The authors explored several issues of quality of care in family child care homes. Variables examined included the relationship between structural and process indicators and provider knowledge of child development and health care practices.
The Study
  • There are several levels of quality that can be measured in family child care:
    • Structural - training, education, group size, and
    • Process - responses to developmental and behavioral attentiveness.
  • Regulations are often only related to structural indicators. However, research shows that process indicators are crucial to child development.
  • A review of the literature found that quality in licensed family child care provider homes was often much higher than in unlicensed homes. Other research has found that years of experience had no relationship with quality of care. However, there is a positive relationship between education in child care and quality of care.
  • The authors of this study wanted to find out if there was a relationship between structural and process indicators. Would one influence the other?
The Methods
  • Thirty-one providers in four poorer Northern California counties participated in the study. Over 80% of the providers were white and the rest were of Hispanic descent. Almost 90% were licensed homes and experience ranged from just under one year to 13 years, with an average of 4.6 years.
  • Two observations were made at each participant’s home over a two-month period.
The Findings
  • Overall, providers were rated Adequate on the Family Day Care Rating Scale (FDCRS) with lower scores on the Social subscale and higher scores on the Learning subscale. The Home Observation for the Measurement of the Environment Scale (HOME) indicated that most providers showed consistent stimulation for learning.

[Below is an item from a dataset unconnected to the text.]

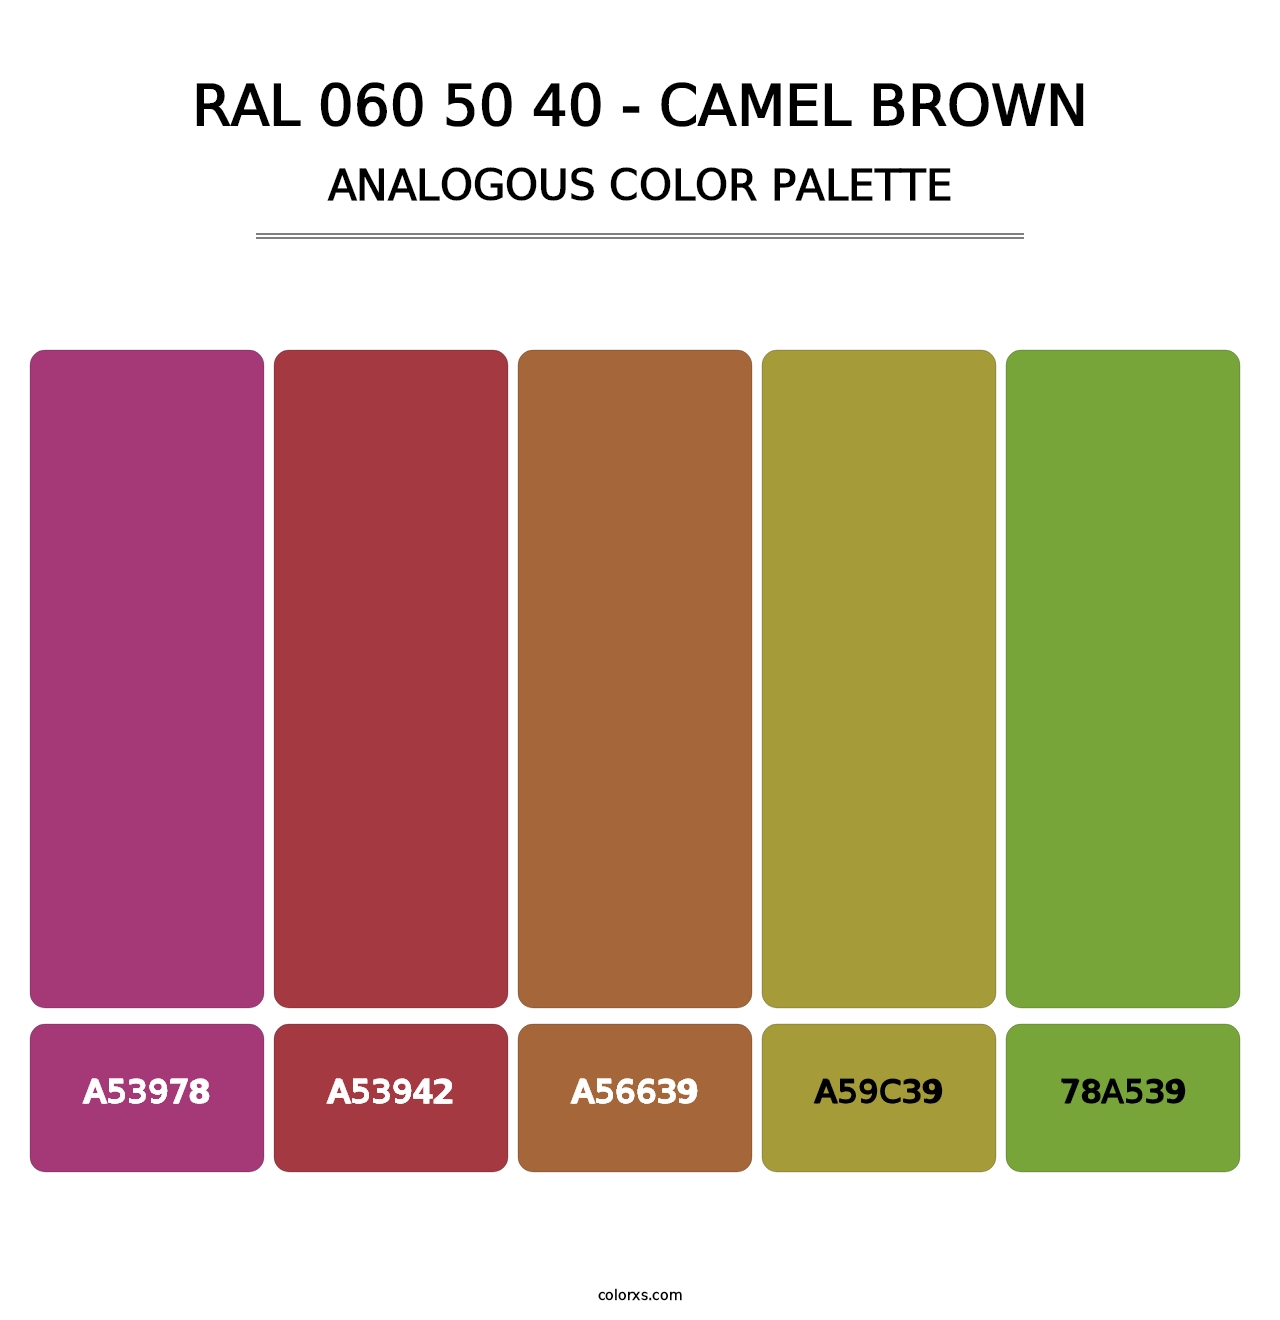 RAL 060 50 40 - Camel Brown - Analogous Color Palette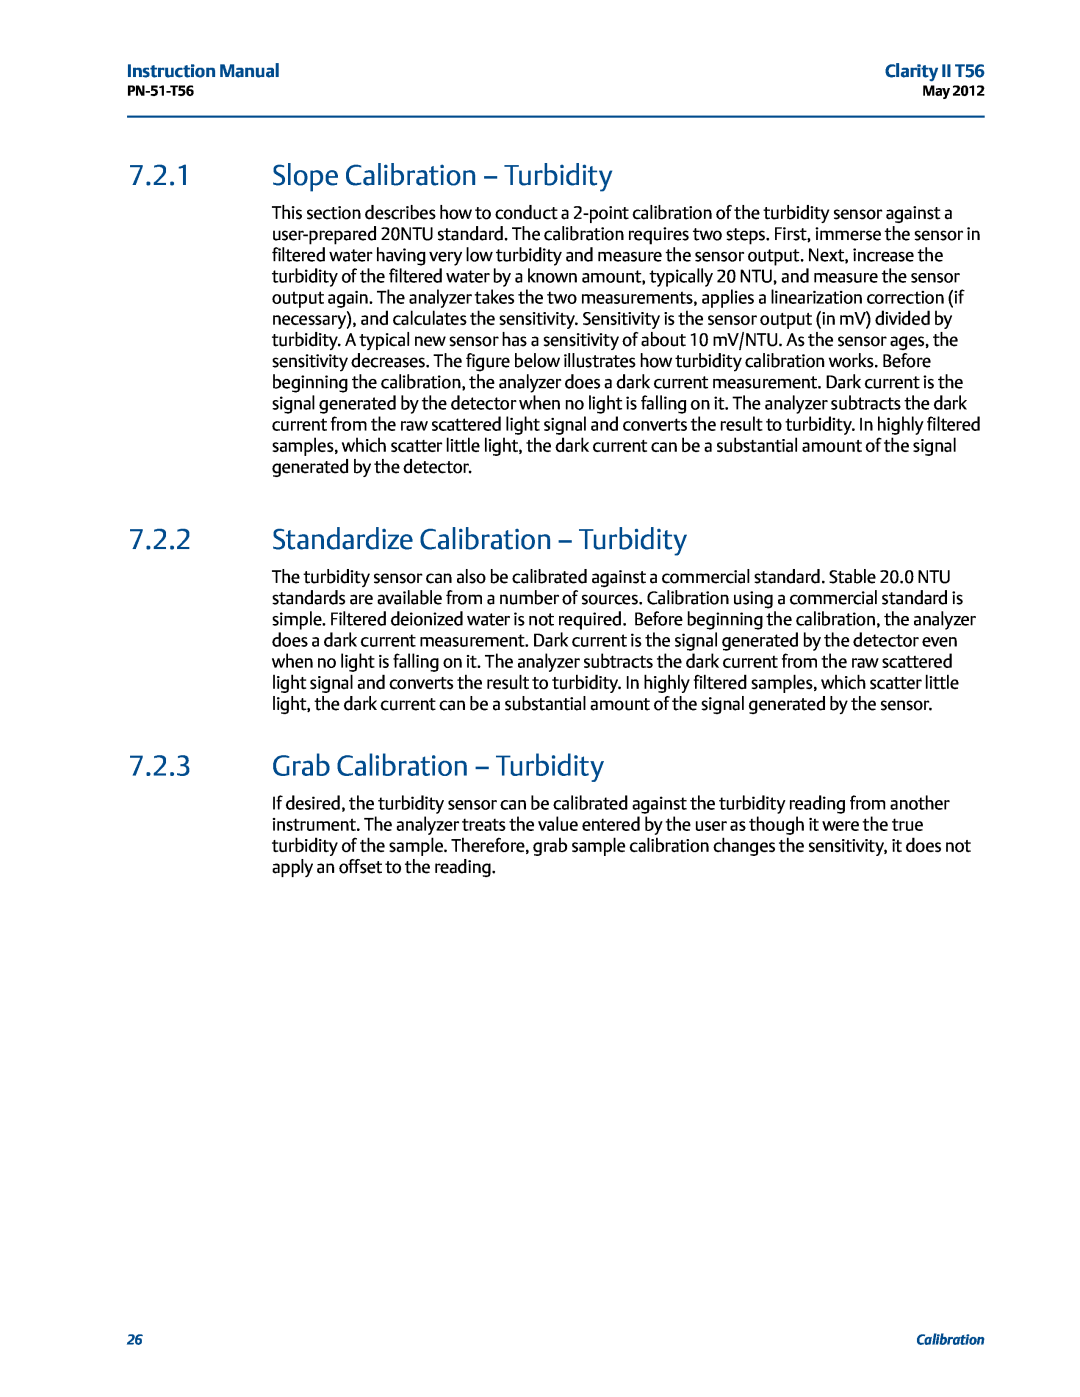 Emerson PN-51-T56 Slope Calibration - Turbidity, Standardize Calibration - Turbidity, Grab Calibration - Turbidity

  • Other measures showed adequate knowledge of infant development but less so on knowledge of child health care practices.
  • Those providers that had training in family child care tended to have higher process quality scores, fewer negative interactions with children, and more awareness of health and safety issues when compared to untrained providers.
  • Overall, training not licensure was more significantly related to better quality care.
R2P Evaluation
The findings imply that there is benefit in including process indicators in regulations.